А, вот! Вы правы. Так я говорил: там я познакомился с Ванцером.

Он господствовал там над всеми, он притеснял всех, он не терпел возражений. Он постоянно возвышал голос, а иногда пускал в ход кулаки. Не проходило вечера, чтобы он с кем-нибудь не поссорился. Его ненавидели и боялись как тирана. Все говорили о нем со злобой, понижая голос словно заговорщики, но стоило ему появиться, как даже самые озлобленные тотчас замолкали. Более робкие улыбались ему, заискивали перед ним. Что же было в этом человеке? Я этого не знаю. За столом я сидел почти напротив него. Невольно мои глаза следили за ним постоянно. Я испытывал странное ощущение, которого я не в силах вам объяснить: это было сочетание отвращения и влечения, что-то совсем неопределенное. Тут было что-то вроде дурного глаза, которым этот сильный, сангвинический и грубый человек опутывал меня, а я и тогда был такой слабый, такой болезненный, безвольный и, по правде сказать, немного трусливый.

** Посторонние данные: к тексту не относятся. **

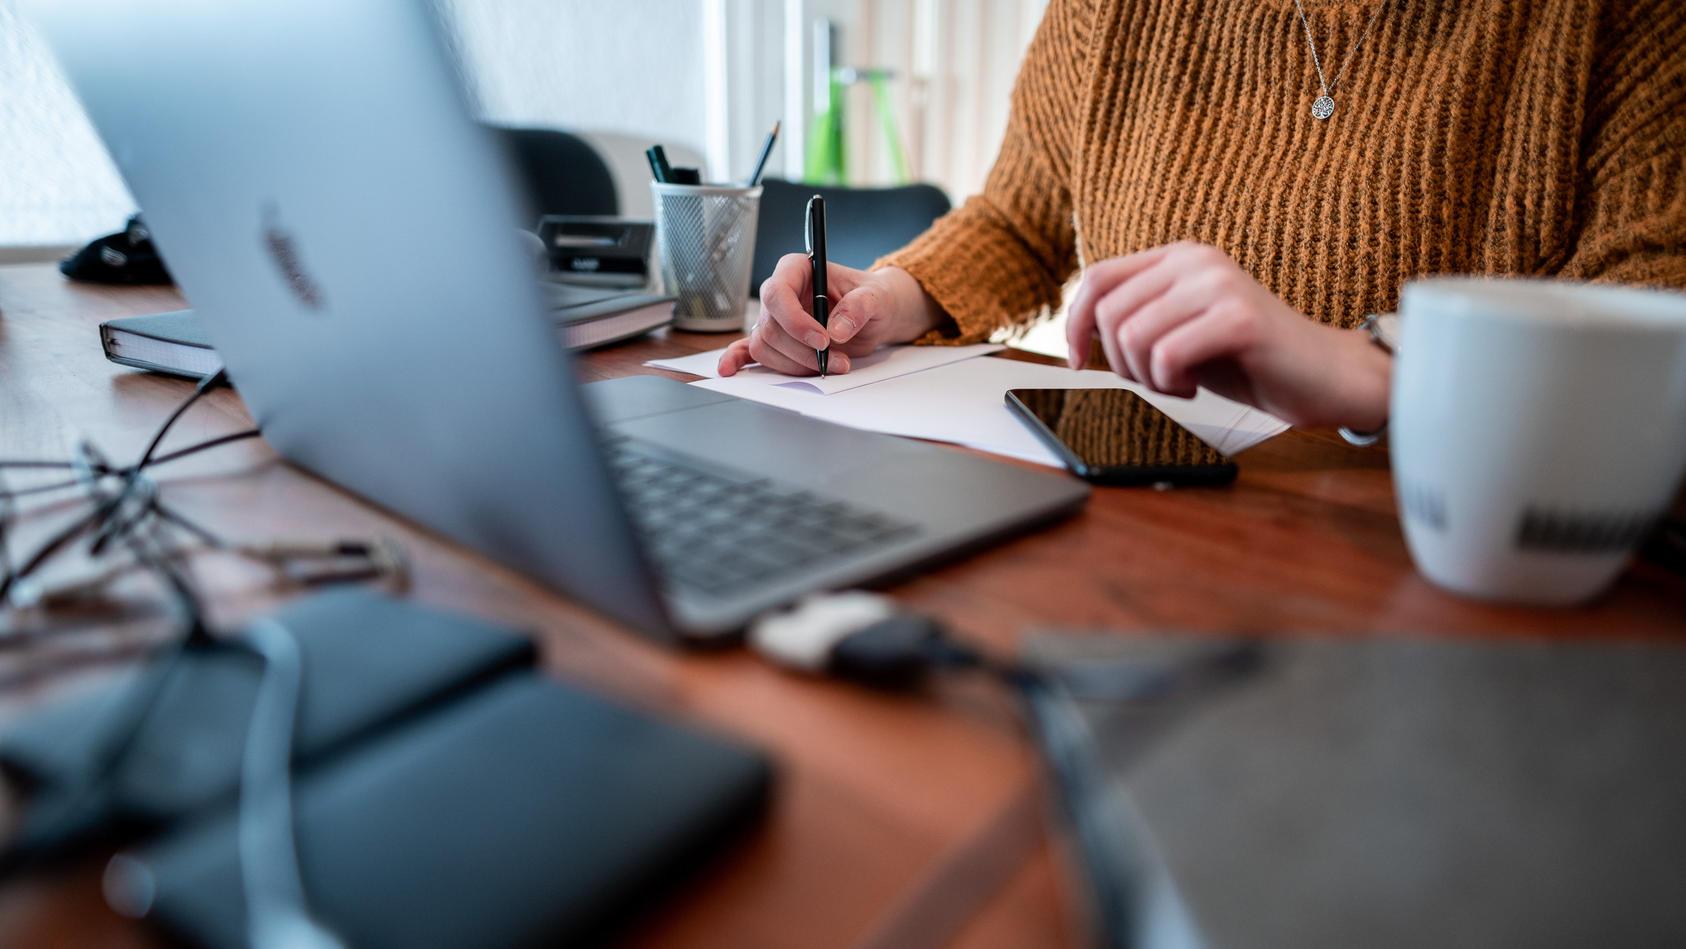 Der Arbeitgeber darf wissen, wann der Angestellte mit der Arbeit beginnt. Eine komplette Kontrolle ist aber verboten.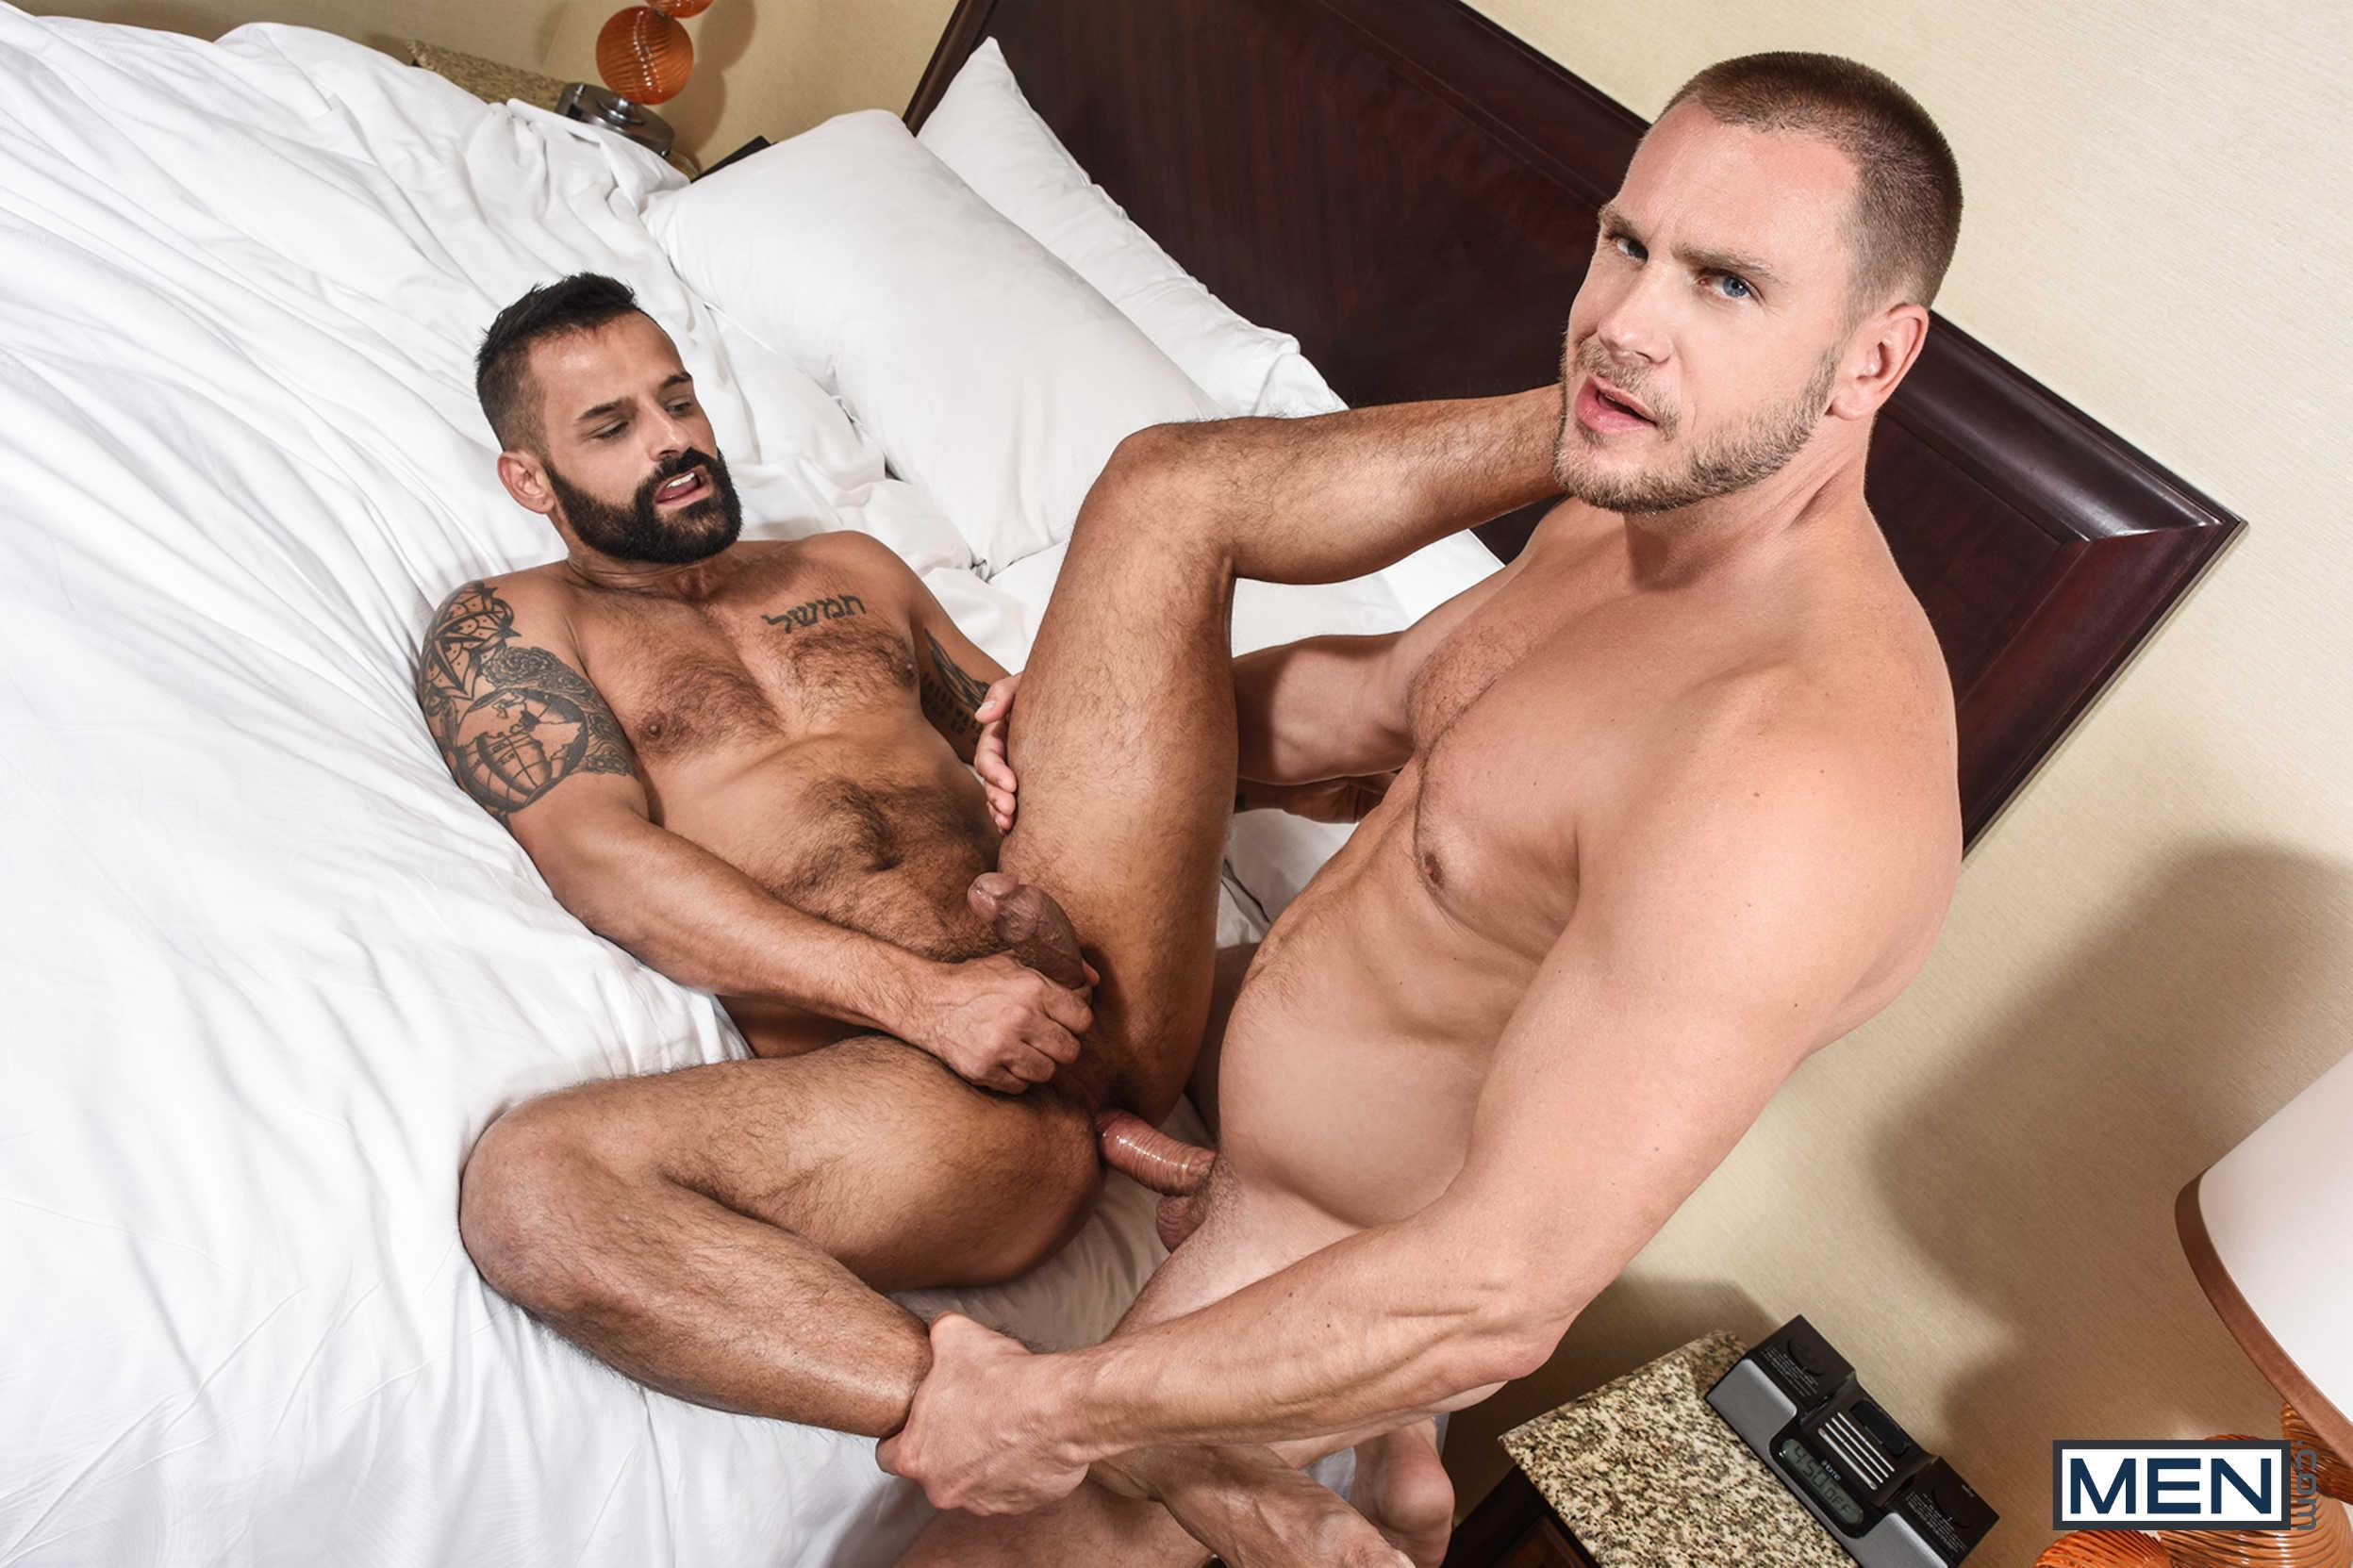 xxx teatro porno orgias de soldados gay

Однажды вечером к концу обеда завязался спор между Ванцером и неким Инглетти, место которого было рядом с моим. По свойственной ему привычке Ванцер возвысил голос и начал ругаться. Инглетти, которому вино придало смелости, не уступал ему. Я сидел почти неподвижно, опустивши глаза на тарелку, не смея поднять головы, только в желудке я начал чувствовать ужасное стеснение. Вдруг Ванцер схватил стакан и запустил его в своего противника. Он не попал в цель, и стакан разбился о мой лоб, вот здесь, где вы видите шрам. Как только я почувствовал на своем лице струю горячей крови, я потерял сознание. Когда я пришел в себя, голова моя была уже забинтована. Ванцер стоял возле меня с печальной физиономией, он обратился ко мне со словами извинения. Потом провожал меня до дому вместе с доктором, присутствовал затем при второй перевязке и пожелал остаться в моей комнате до позднего часа. Затем утром вернулся снова. После того он возвращался часто. Это было начало моего рабства.

Я чувствовал себя перед ним чем-то вроде трусливой собаки. Когда он приходил ко мне в комнату, он чувствовал себя хозяином.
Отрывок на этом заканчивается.